In his book, Kieffer focuses on aesthetics and considers the ways Kahn broke from previously established architectural norms — making him, and the Salk Institute, one of the most radical figures in design during the 1960s. — J.L.
The Apollo Chronicles: Engineering America’s First Moon Missions
Brandon R. Brown ’92
Oxford University Press, 2019
John F. Kennedy and Neil Armstrong tend to get the bulk of the lunar spotlight in most coverage of the Apollo program. But while both overcame tremendous hurdles to help make the manned moon landing a success, those hurdles pale in comparison to the extreme technical challenges NASA’s engineers faced. In “The Apollo Chronicles,” Brandon R. Brown focuses instead on five engineers who were instrumental in making the mission work — including some who’ve never been interviewed before.
Brown, a physics professor at the University of San Francisco, also happens to be the son of an Apollo engineer. And although the men who wore the spacesuits enjoy more of the glamour and the glory, the people who got them safely to the moon and back were heroes in their own right, as Brown’s narrative illustrates.
“While I now appreciate just how brave our astronauts were, to sit on towers of explosive fuel and venture into a deadly realm, this book is more concerned with the astronauts’ protectors,” he writes. “I focus on the Earth-bound: the welders of space-worthy seams, the designers of heat shields, the stitchers of spacesuits, and those who computed razor-thin trajectories through space, with disaster awaiting any deviation or missed step.”
America was, after all, the underdog in the space race against the Soviets, which is why our achievement in landing a man on the moon is all the more stunning. Brown’s account of the engineering feats involved in building the world’s most powerful rockets — coupled with the intricacies of keeping humans alive on the journey — makes it clear that these were no small steps at all.

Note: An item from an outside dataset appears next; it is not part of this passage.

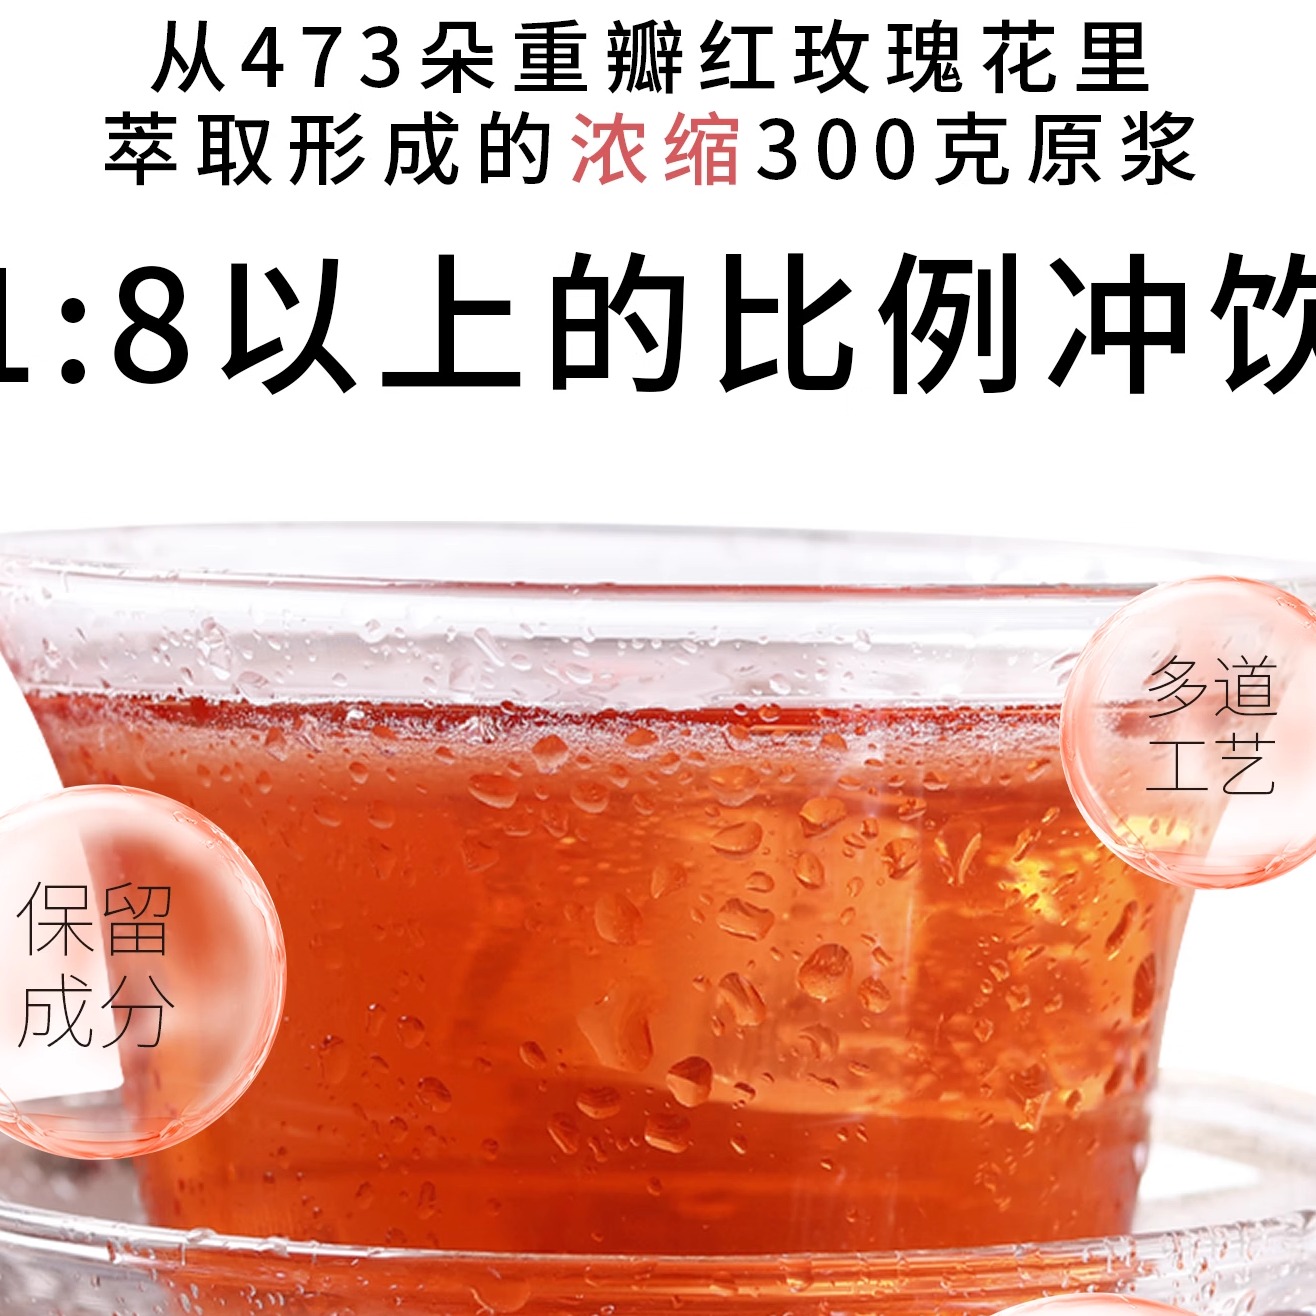 云南农业大学 玫瑰原汁花汁原液纯露鲜花养茶传统滋补营养品300g

Phenomenology in France: A Philosophical and Theological Introduction
Steven DeLay ’13
Routledge, 2019
Phenomenology isn’t an easy field for nonphilosophers to get a handle on. Even phenomenologists disagree on what exactly the discipline entails, although it’s generally described as the philosophical study of consciousness and the human experience. Theology touches on these same themes, of course — and in “Phenomenology in France,” Steven DeLay examines the ways phenomenology blurs the boundaries between philosophy and theology.
“It is no secret that God — the one of the Bible, I mean — has fallen into disfavor nearly everywhere,” writes DeLay, who earned his doctorate in philosophy from the University of Oxford. “Must, then, phenomenology today continue on the presupposition that it can proceed wholly independent from faith? Can it?”
The book is not only a primer for newcomers to French phenomenology, but also a glimpse at how the field is evolving, according to Claudio Tarditi, a philosophy postdoc at the University of Turin. “It develops a fundamental argument about the fruitfulness of a radical reassessment of the relation between philosophy and theology for the phenomenological reflection that is still to come,” Tarditi writes.